One of the continuing problems in the immigration policy field has been the general posture of the mainstream media that international migration is, almost without exception, a great thing and as American as apple pie.
With this in mind, I would like to note the arrival of a clear-eyed reporter who takes a refreshing look at immigration policy. I have never met or talked with her, but have only read her penetrating coverage of the recent report of the DHS Inspector General, described in a previous blog.
She is Sarah Ryley and she writes for The Daily, an internet-only publication designed for iPad users, but available to others online.
She managed to get her hands on the not-yet published text of the IG's stunning report on how line USCIS officers are being pushed to say "yes" and to do so quickly, even on some questionable cases. She wrote several stories about it, including, on January 5, one headed "Pushing the Envelope: Immigration counsel in conflict-of-interest probe over visa approval".
Typically IG and Government Accountability Office (GAO) reports on immigration policy are both dull and careful to avoid controversy – this report did not fit either of these descriptions. Further it was signed by an acting Inspector General, who stuck out his neck by criticizing policies of the Obama administration when it is President Obama who will appoint the next IG of DHS.
Despite the unusual nature of the IG's report, there has been little press coverage of it, other than that of Ms. Ryley, and her colleague, Ashley Kindergan.
The news article cited above deals with a subject that is touched upon in the IG's report; that is the alleged intervention into a USCIS decision regarding a petition filed by the University of Arizona seeking an O (for Outstanding) visa for an alien academic that the university wanted as an assistant professor of geography.
The university sought the visa for an expert on Mongolia; the California Service Center, one of the USCIS decision factories, said that the person was not outstanding enough to warrant that visa. The decision, according to Ms. Ryley's article, irritated Roxana Bacon, an Arizona immigration lawyer with ties to the university who was – presumably thanks to Secretary Napolitano – serving as general counsel of USCIS, with a political appointment.
What happened next, according to Ms. Ryley, was this:
Frustrated that a low-level officer was questioning the university's expertise in deciding who was extraordinary, Bacon emailed senior officials in November 2009: "Let's find a way to get the adjudicators [officers] out of making judgment calls rather than legal calls on complex research areas beyond their, or our, expertise. We are comfortable knowing that good Universities ... can be given the benefit of the doubt."
A little later, according to the same story:
Internal backlash against Bacon's aggressive approach led Homeland Security's Office of Inspector General to launch a conflict-of-interest investigation the following month. According to a heavily redacted synopsis, Bacon was accused of using subordinates to prevent the denial of the Mongolian scholar's visa application.
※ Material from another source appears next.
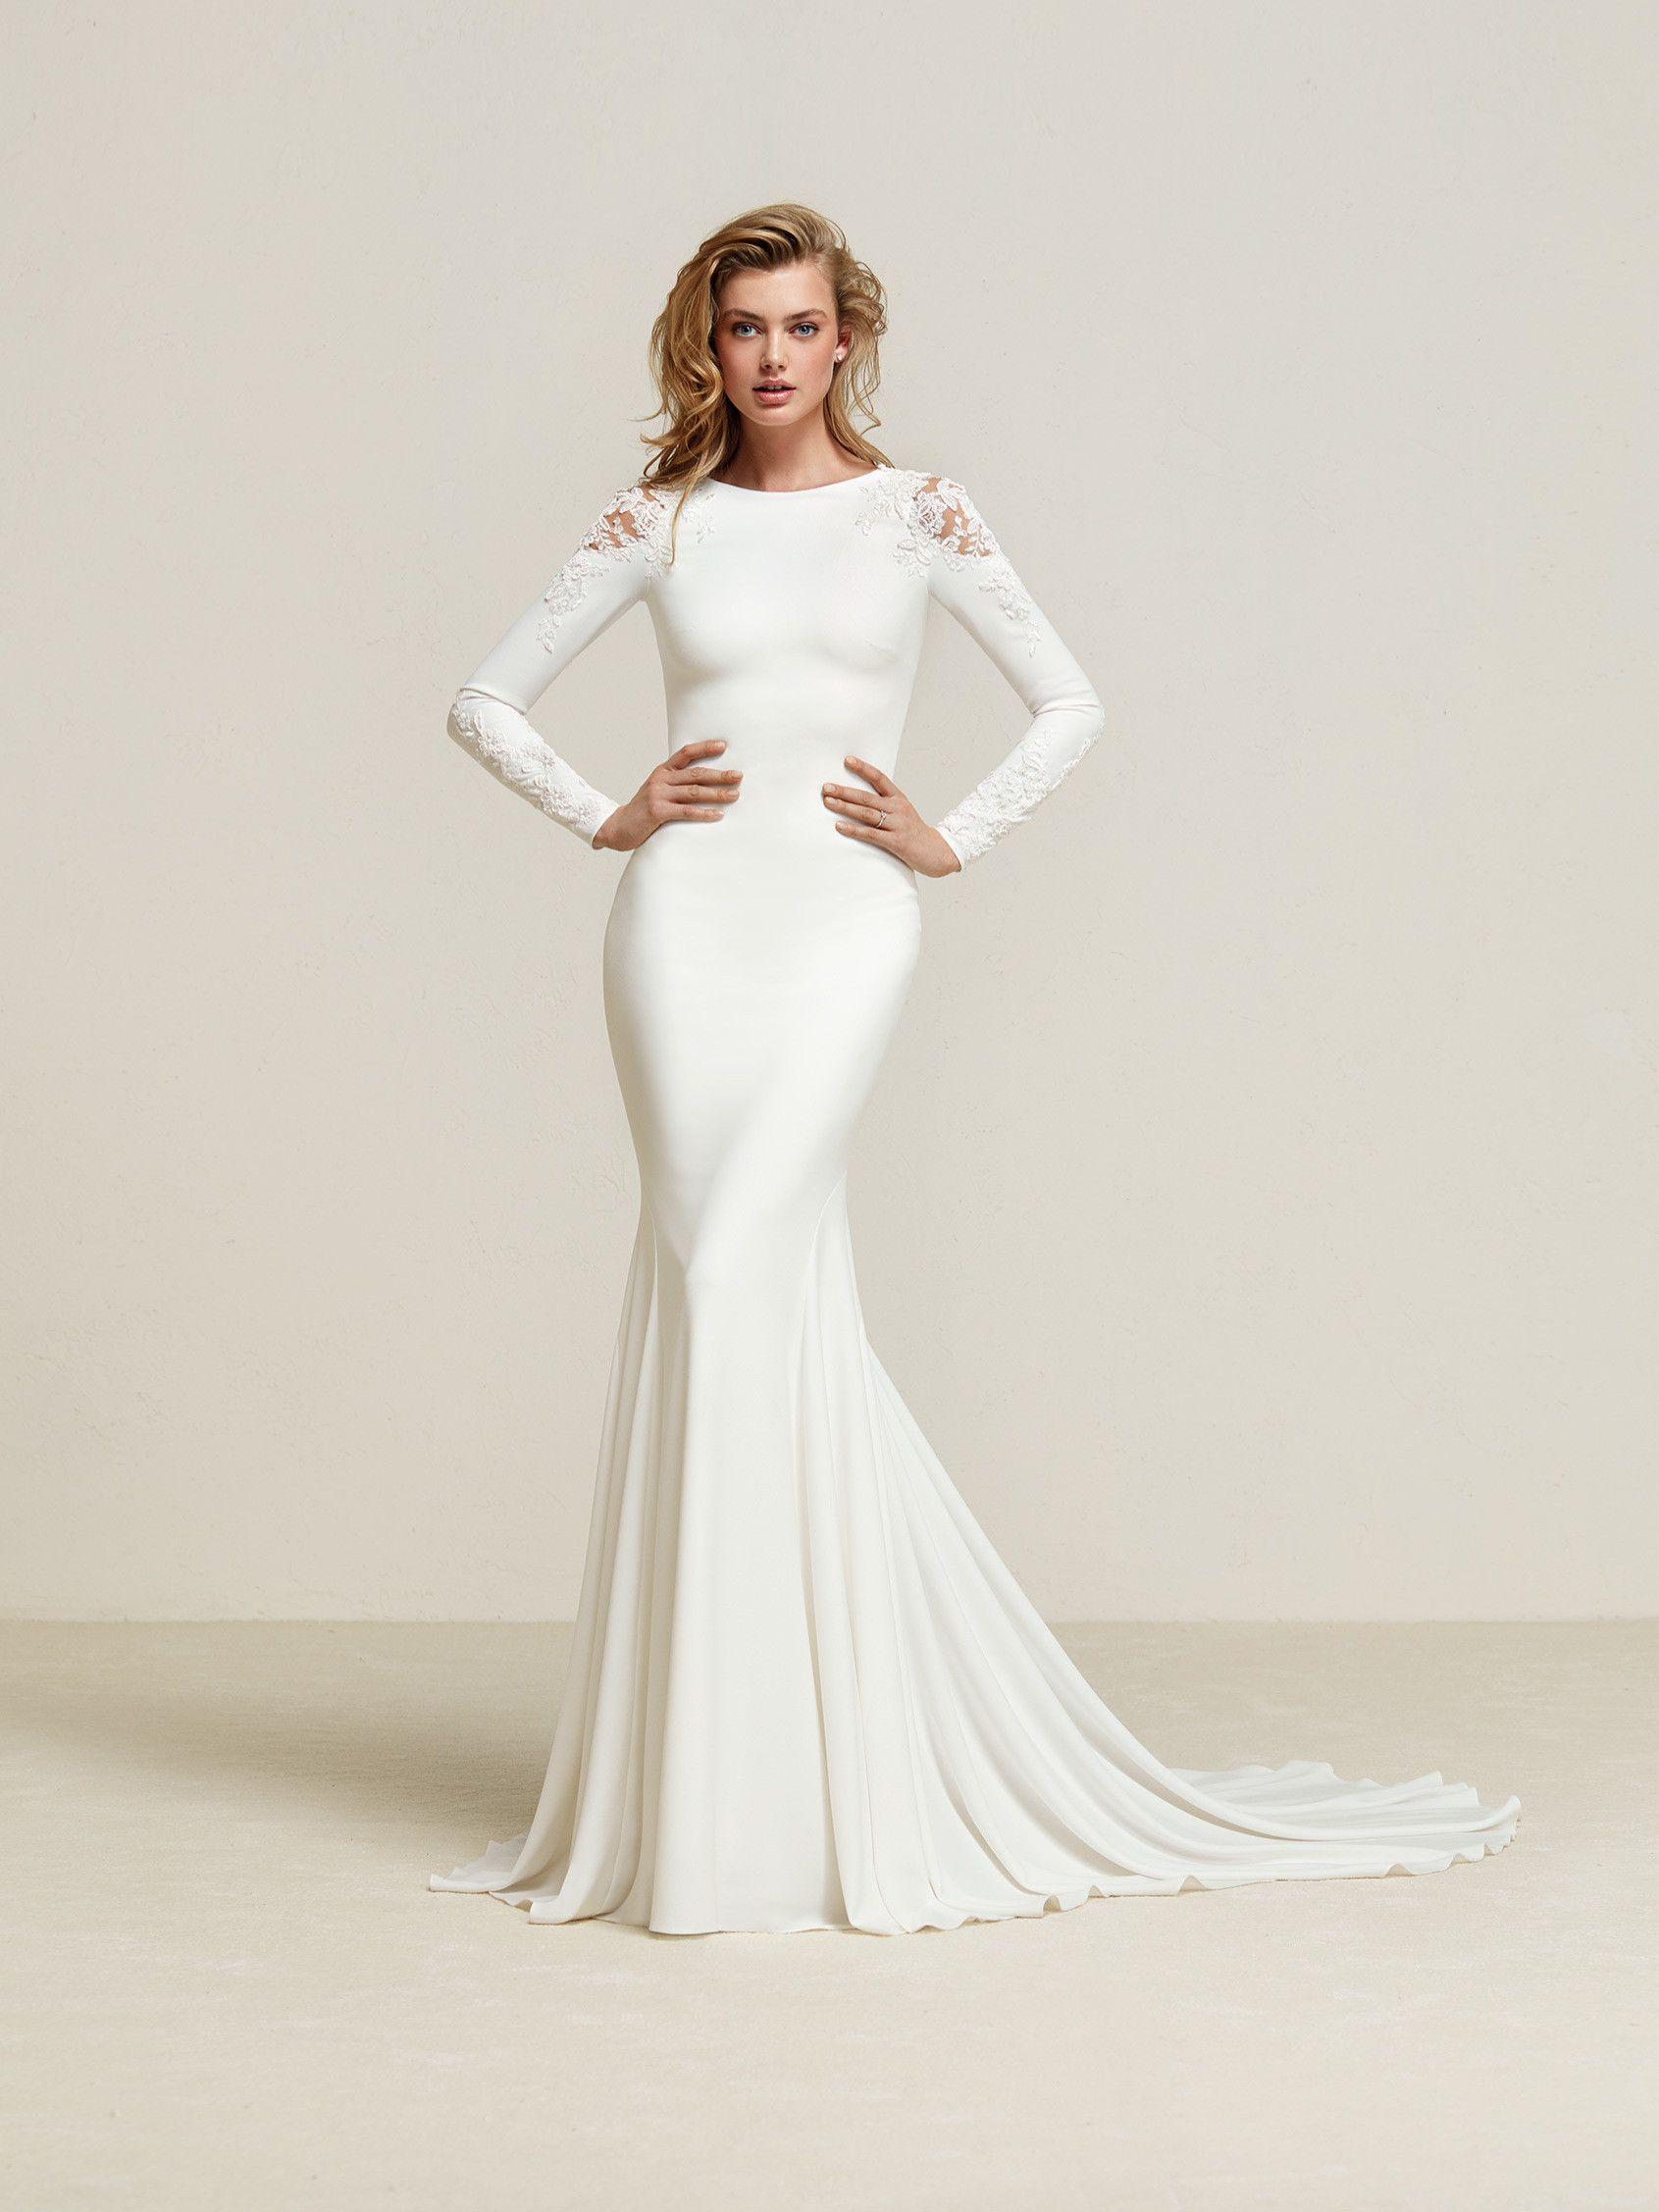 Dreide elegant mermaid style wedding dress in long sleeves and

Several sources close to the investigation said that an employee was asked to go into the mail room and intercept the denial letter before it could be sent.
The staff stuck to their guns, the university appealed the denial to the internal USCIS review agency, the Administrative Appeals Office, which upheld the staff decision. Bacon subsequently resigned.
Needlessly to say, such detailed, searching reporting is not the norm.
While I applaud Ms. Ryley's journalism, I praise her despite the fact that I have a longtime grudge against her employer, the Murdoch interests. I say that from several viewpoints: that of a citizen, a newspaper-lover, and as a worker.
I generally disagree with Murdoch's politics and business practices and think that what he did to the venerable Times of London is the journalistic equivalent of dumping a load of garbage on the steps of a cathedral. Finally, for about a decade I was the (part-time) Washington correspondent of the Fiji-based newsmagazine Pacific Islands Monthly, a delightful if not very well-paid assignment for me. After I left (and this is not cause-and-effect) Murdoch killed it so quickly that poor old PIM did not even get to publish a farewell issue.
Note: I find the University of Arizona's appeal from the staff's negative decision to the AAO, in the case of the Mongolian scholar, bewildering. The university had, all along, the option of using either the J-1 or the H-1B program to bring the scholar in question. If the City of Baltimore can use the J-1 program to hire minimally qualified aliens to teach in the public grade schools, surely a university could get such a visa for a college professor. Alternatively, the university could have used its academic status to avoid the kind of ceiling on H-1Bs that applies to other employers, so that would not have been an obstacle.
Did the university feel it had such a good friend in court, Ms. Bacon, that they did not need to use any other avenues to hire that person? Maybe they, in fact, did use H-1B or J-1 for that purpose and neither Ms. Ryley nor the IG noticed. Odd.